I am appalled by the levels of anti Palestinian prejudice (racism?) and their demonising in both Israeli propaganda and often comments by local Jews. Whatever our desire to support the continuation of the state of Israel, we need to recognise that it was at the expense of the then inhabitants. The claims that this was given by God is not acceptable as anyone can make similar claims on the basis of their different beliefs and who is to adjudicate on their legitimacy.
We have accepted reparations for losses under Nazis but somehow deny the Palestinians’ case. They should not have to pay for the sins of anti-Semites in Europe. I recognise that many originally denied the right of Israel to exist but, now, most of the moderate states would not support this stance. There is a good basis for new agreements but not if Israel continues to create aggrieved and angry potential bombers by gross military interventions.
Why am I writing something like this? I want to see more debate within the Australian Jewish community, as there is in Israel, about the way forward. Loyalty should never be blindly given but should be able to be critical to ensure that the country we want to support deserves not just our but the support of others. The present aggression by Israel, whatever its basis, is making enemies and losing the vestiges of high support that it gained because of collective guilt at inaction on the holocaust. Israel was necessary because it offered us somewhere safe to go, but we need to pay the rent and recognise its survival depends on its reputation and the goodwill of others, not the power of its army.
I am a feminist, secular, humanist Jew. I come fully equipped with a desire to make the world a better place because of what happened to me and my family in Europe in the thirties. I was born in Vienna in February 1938, and Hitler took over early in March. My mother was in her final year of a medical degree; My father, was a university drop out and I suspect, political activist, son of a well off coffee merchant. We became aliens in a short time and joined the exodus.

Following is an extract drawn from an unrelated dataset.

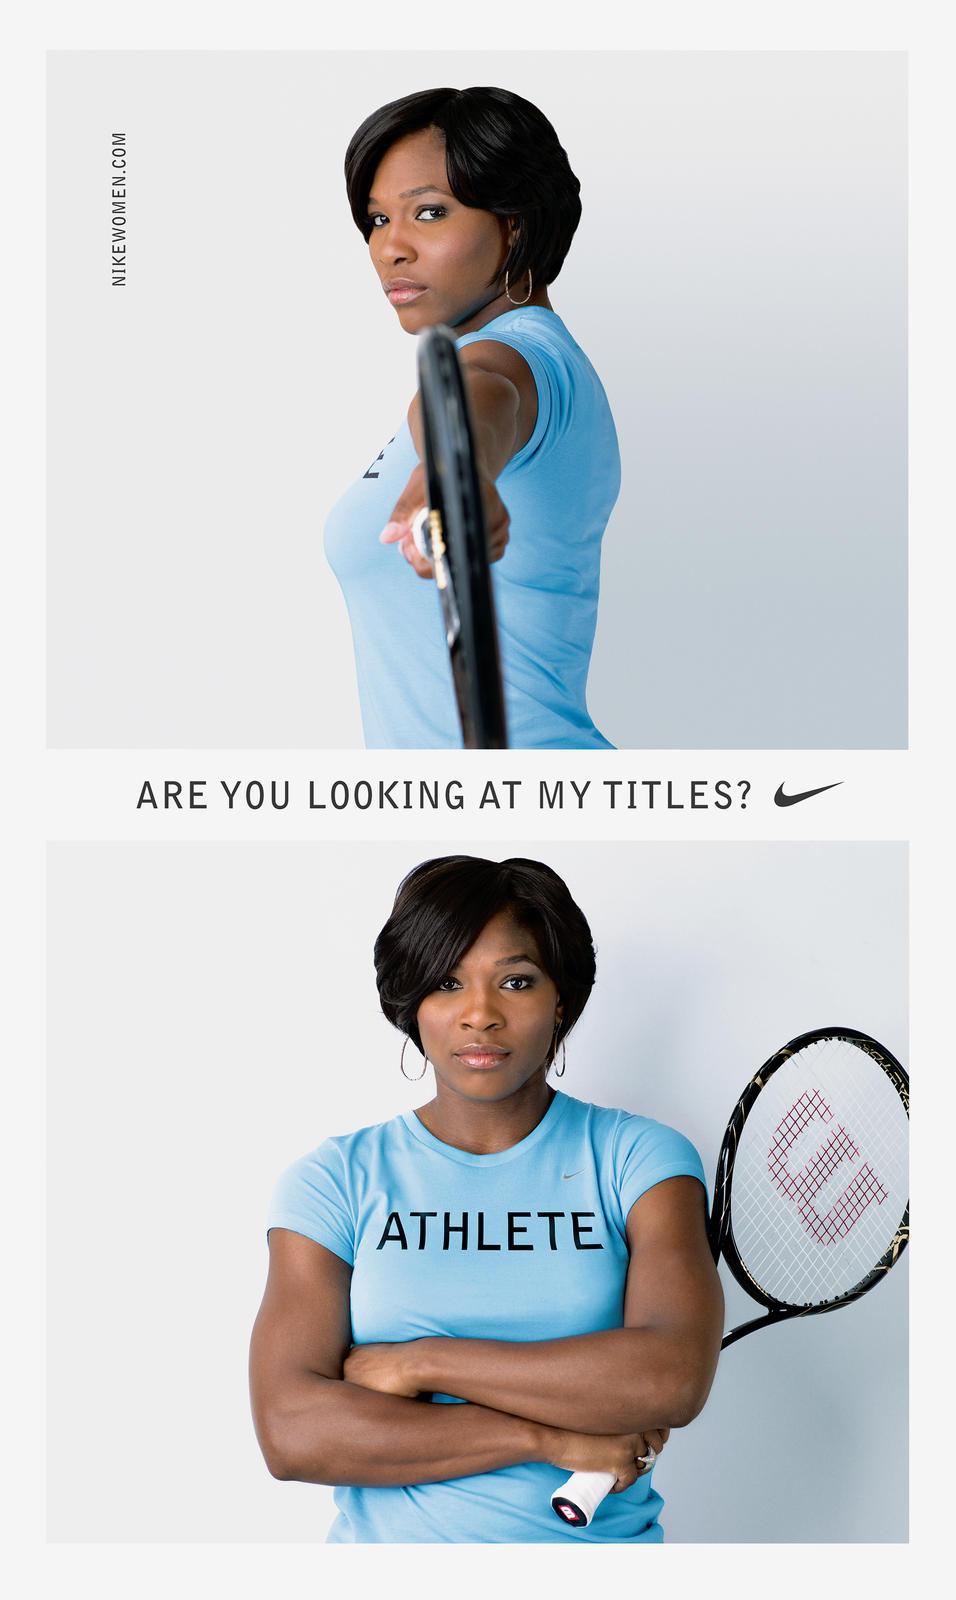 Athlete 2007 featuring Serena Williams

What happened to me and my family was because we were Jewish. This was not a matter of choice but attribution so I remain indelibly Jewish and have never, as an adult, wanted to deny this. I learned much from two men and two woman in my life: my grandfather Philipp Kantor, who taught me civility; my father Richard Hauser who made me responsible for the fate of the world; my stepmother Hephzibah Menuhin who helped me to care about others but it was her bad example, and that of my mother, who taught me that women should not be silent and complicity with unfair use of power, neither in the household nor in the wider world. That is one basis of my feminism.